I think the one thing, when it comes to China, is that the Democrats and the Republicans agree that China is a problem when it comes to trade. This is high on the agenda for Democrats and Republicans.
Having said that we believe Biden’s approach will be far more international, far more civilised if you like. He will negate the knee jerk reactions that we saw from Trump. So all in all, we actually see that Biden should remove some of the tariffs or certainly soften them.As a result, tensions over the next 12 to 18 months with China should ease.
So, let’s put that into numbers. As I mentioned, in 2019 S&P 500 earnings were $153 per share. If we then take the tax increases I mentioned earlier, we think that would hit earnings by $9 per share. We think the minimum wage increase will have a very minimal effect on tariffs.
Given the amount of tariffs that Trump has put in place, if we reverse some of them that could increase earnings by $12 per share. All in all, what you’ll see at the end, is that the overall impact of a Biden government is, although small, fairly positive. That is, certainly not negative in the way the market predicted in the lead up to the election.
* slides to accompany this start from 14 minutes into the video
How might Brexit impact market performance?
The FTSE 100 is very much seen as a global index. The reason for that is if you take the FTSE 100 and you look at the revenues that come into these companies, 77% of revenues in the FTSE come from an international source. So I think it’s fair to say if there was a no deal scenario and we had to go to WTO terms, you could probably see a pretty steep decline in sterling. However, as 77% of earnings come from an international base, the falling sterling should be a pretty good stimulus to UK companies.
That is why, typically within the Brewin Dolphin portfolios, we currently see the UK market as one, a bit of a hedge. Should you get a no deal scenario, UK equities could in the longterm benefit, However, UK companies got hit the hardest in Q2 this year and haven’t bounced back as much as other markets because of how the market is made up in terms of energy complex financials.

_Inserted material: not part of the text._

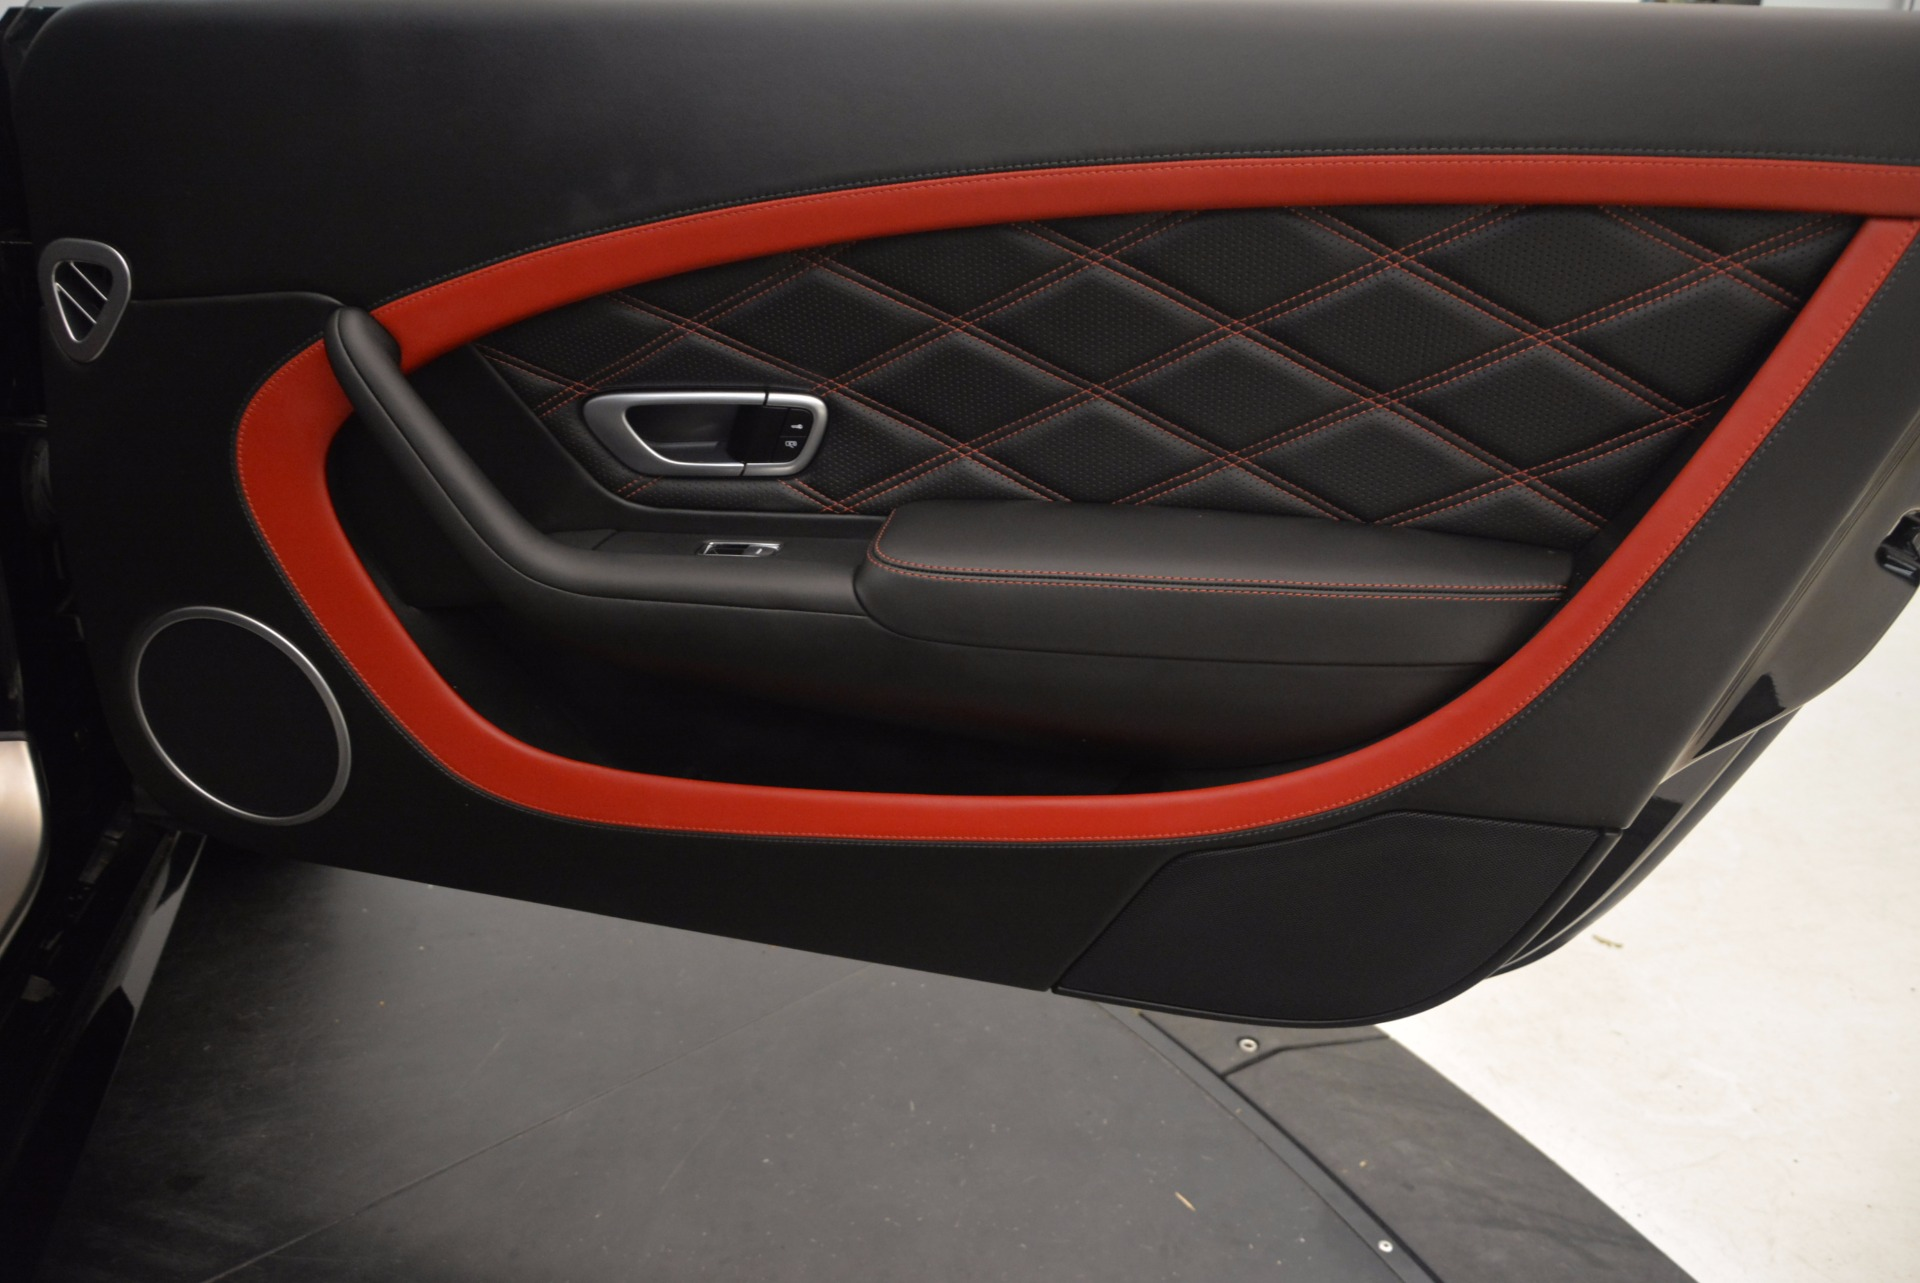 Used 2015 Bentley Continental GT Speed For Sale In Westport, CT 1646_p32

And it’s really been waiting on positive news regarding a vaccine, which we know came out earlier this week, which is why we’ve seen a huge rally in the UK market. We believe the UK market could benefit from this. The UK market has been the laggard of all stock markets since 2016.
Of course, there are benefits to moving forward, not having the ties to the EU and doing business with the rest of the world. It’s certainly a key theme. But I think most people just want this done and dusted to know what the situation is and get on with things. What markets don’t like is uncertainty.

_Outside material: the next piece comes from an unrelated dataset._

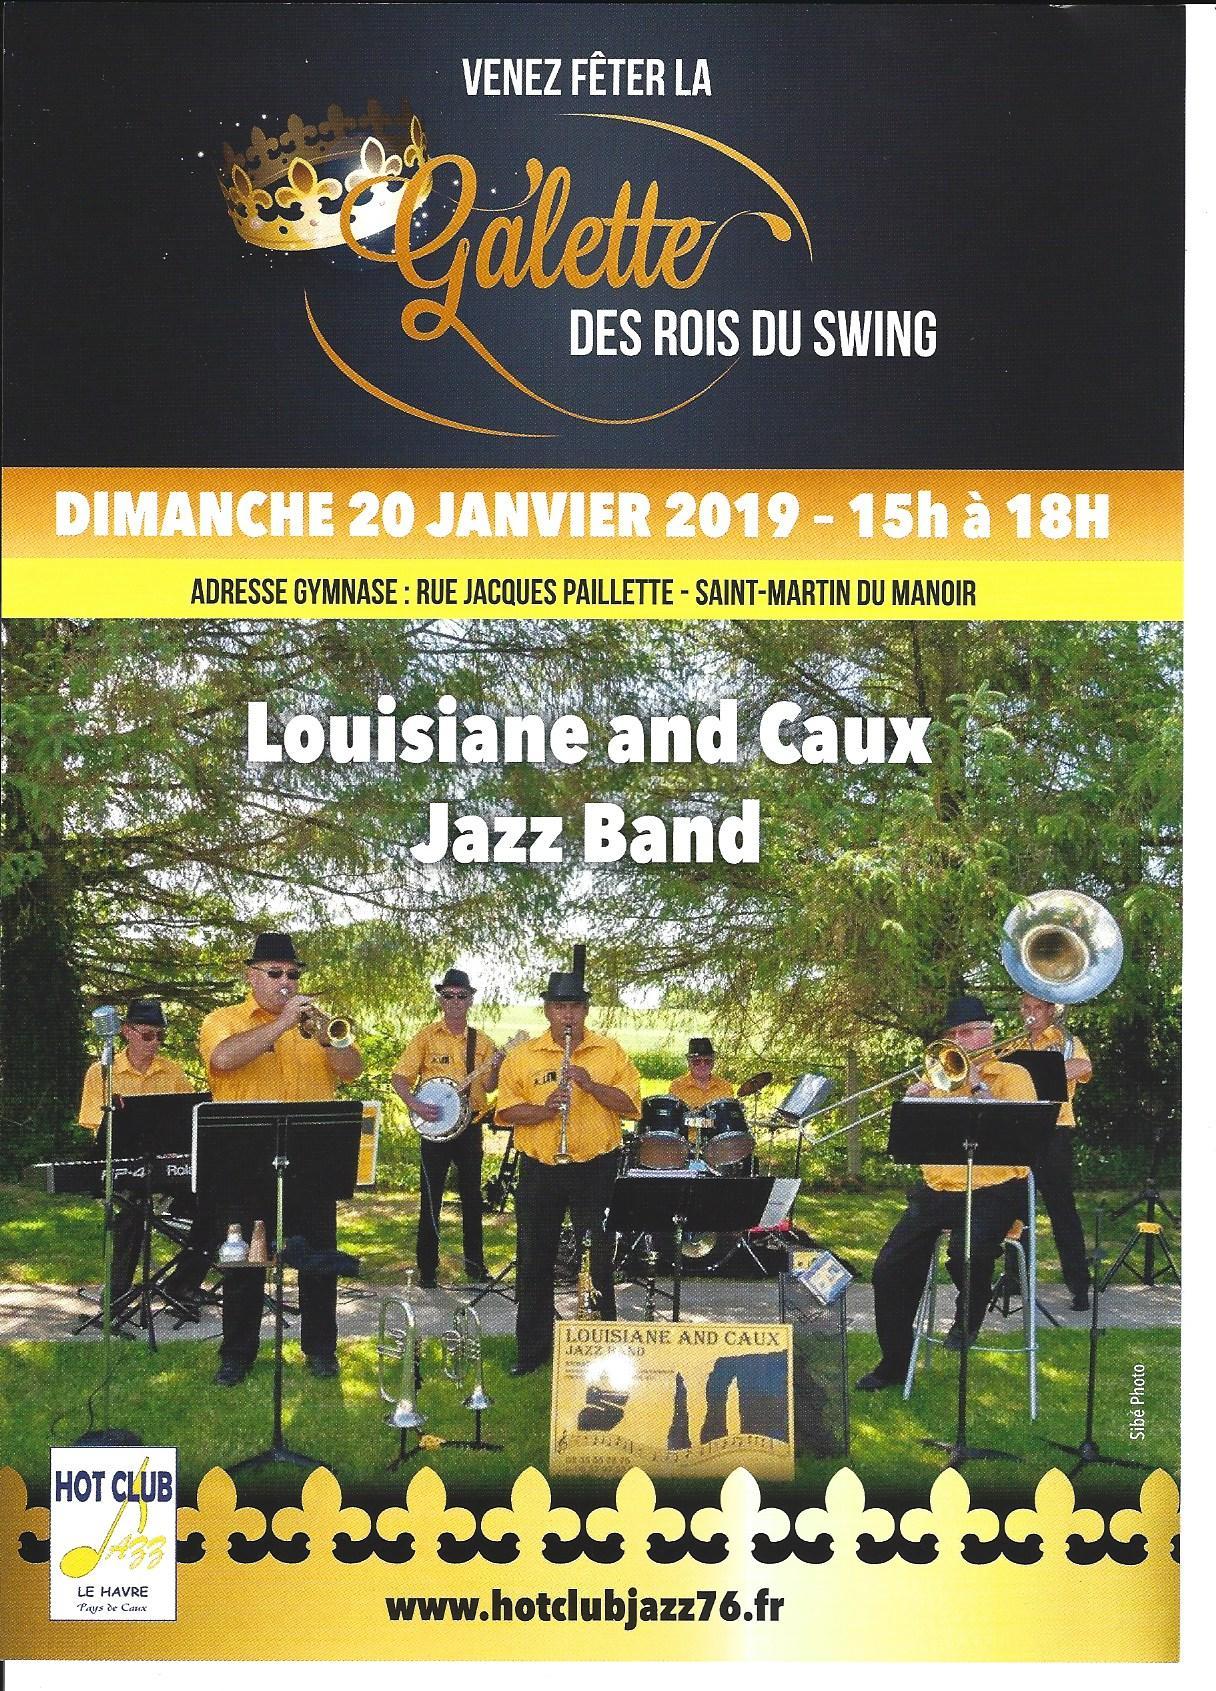 Flyer galette des rois hot club 20 01 19 verso

How has COVID-19 impacted investment opportunities?
I don’t like to use the term ‘COVID winners’ but there are some clear winners with regard to sectors and companies. Many IT companies have actually benefited from 2020 markets. Of course, as I mentioned earlier, there have been losers with real estate, financials and energy being hit the hardest.
Looking at sectors, the least affected would be healthcare companies, IT and utilities such as electricity and gas supply companies. Also consumer staple companies such as those that produce toothpaste or cereal; the type of products that you buy whether you’re in a recession or not. These type of companies tend to be quite resilient in these market pull backs.
When we look at some of the companies or areas we think are exciting opportunities, there are nine innovative themes* we focus on. COVID has brought these investment themes forward by a couple of years. I think these were going on in the background, but it’s forced people to take note.